Tantang dan Ubah Pikiran Negatif
Ketika pikiran negatif muncul, jangan langsung percaya. Tanyakan apakah ada bukti yang mendukung pikiran itu. Apakah selalu benar seperti itu? Cari perspektif lain. Misalnya, jika Anda berpikir “Saya pasti gagal,” ubah menjadi “Saya akan mencoba yang terbaik dan belajar dari proses.” Ganti pikiran negatif dengan yang lebih realistis dan positif.
Teknik “Thought Stopping”
Jika pikiran negatif terus berputar di kepala Anda, coba teknik ini. Ucapkan “STOP” keras-keras dalam hati Anda. Ini seperti menekan tombol jeda pada pikiran Anda. Kemudian, segera alihkan perhatian Anda. Anda bisa memikirkan hal positif, atau melakukan aktivitas lain yang menyenangkan. Ini memutus siklus pikiran negatif.

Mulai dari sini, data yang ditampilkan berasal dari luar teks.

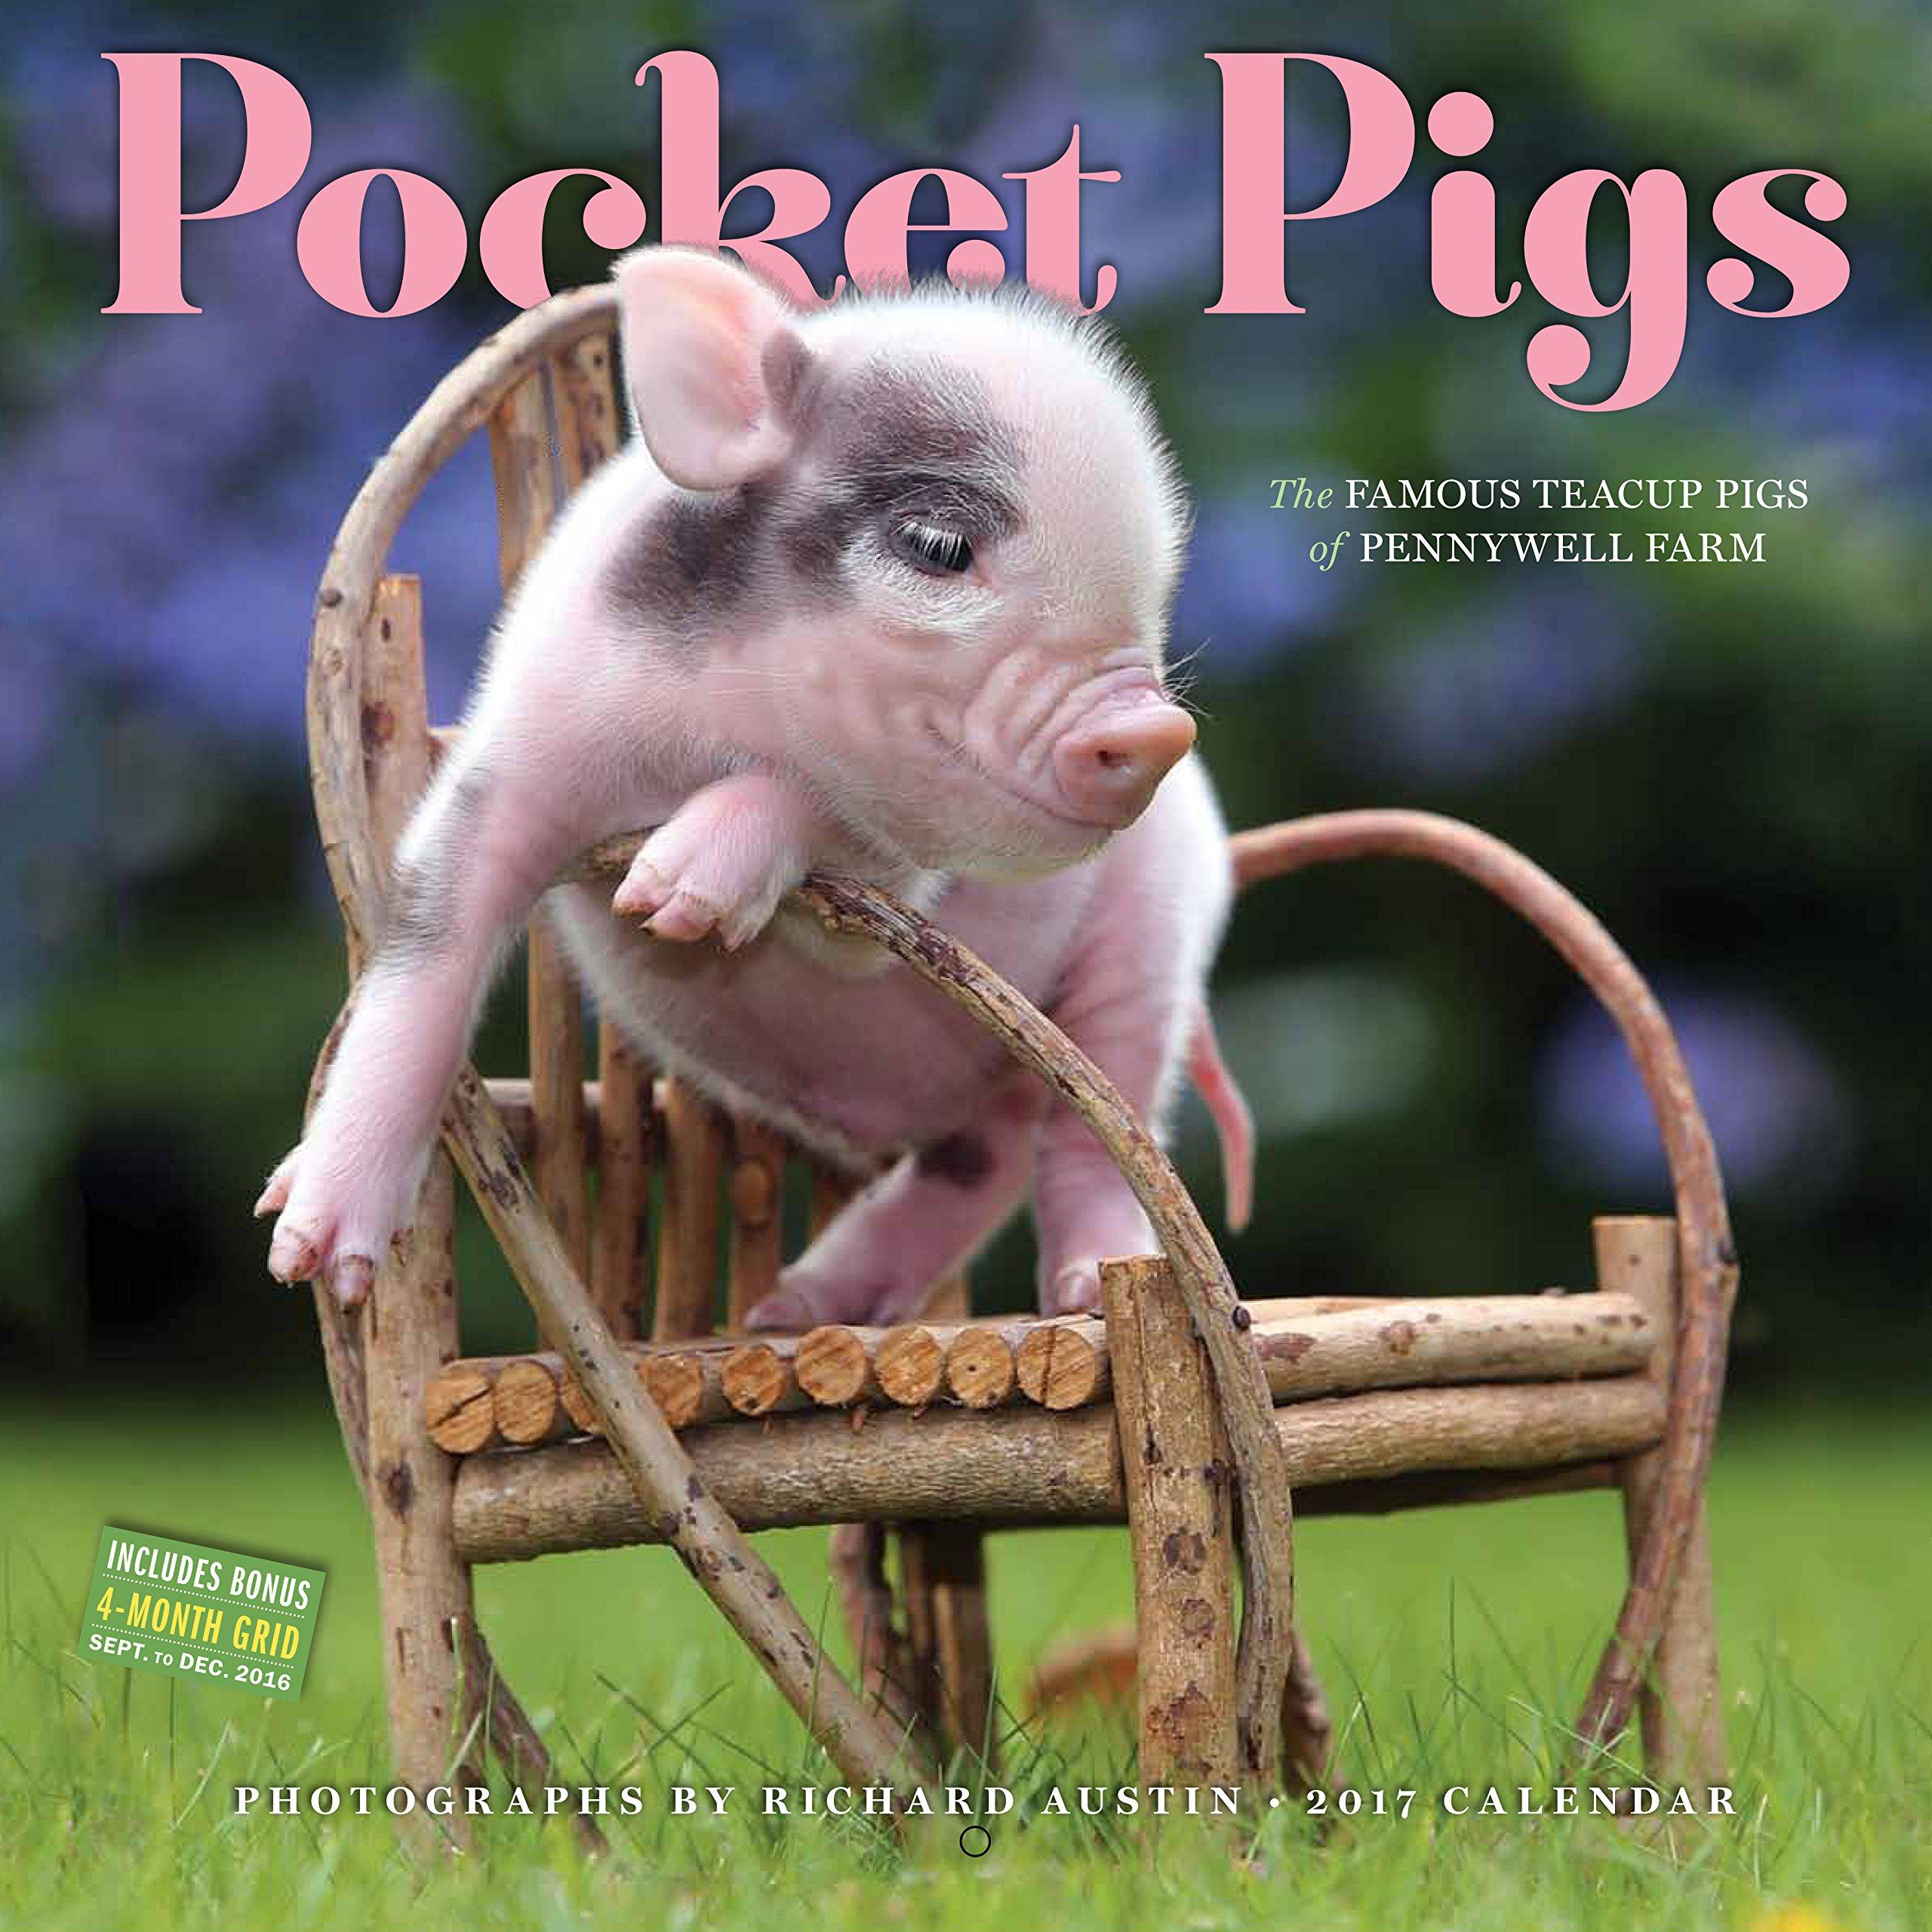 Pocket pigs wall calendar 2017 the famous teacup pigs of pennywell pocket pigs wall calendar 2017 the famous teacup pigs of pennywell farm workman publishing richard austin 9780761188049 amazon books voltagebd Choice Image

Baca juga : Harapan Kapolres Belu Kepada Pejabat Baru Kasat Lantas
Bangun Lingkungan yang Mendukung
Lingkungan di sekitar Anda mempunyai pengaruh besar pada pikiran Anda. Pastikan lingkungan Anda mendorong kepositifan.
Kelilingi Diri dengan Orang Positif
Orang yang kita habiskan waktu bersamanya bisa mempengaruhi suasana hati kita. Carilah teman atau keluarga yang optimis dan mendukung. Mereka yang melihat sisi baik akan menginspirasi Anda. Hindari orang-orang yang sering mengeluh atau pesimis.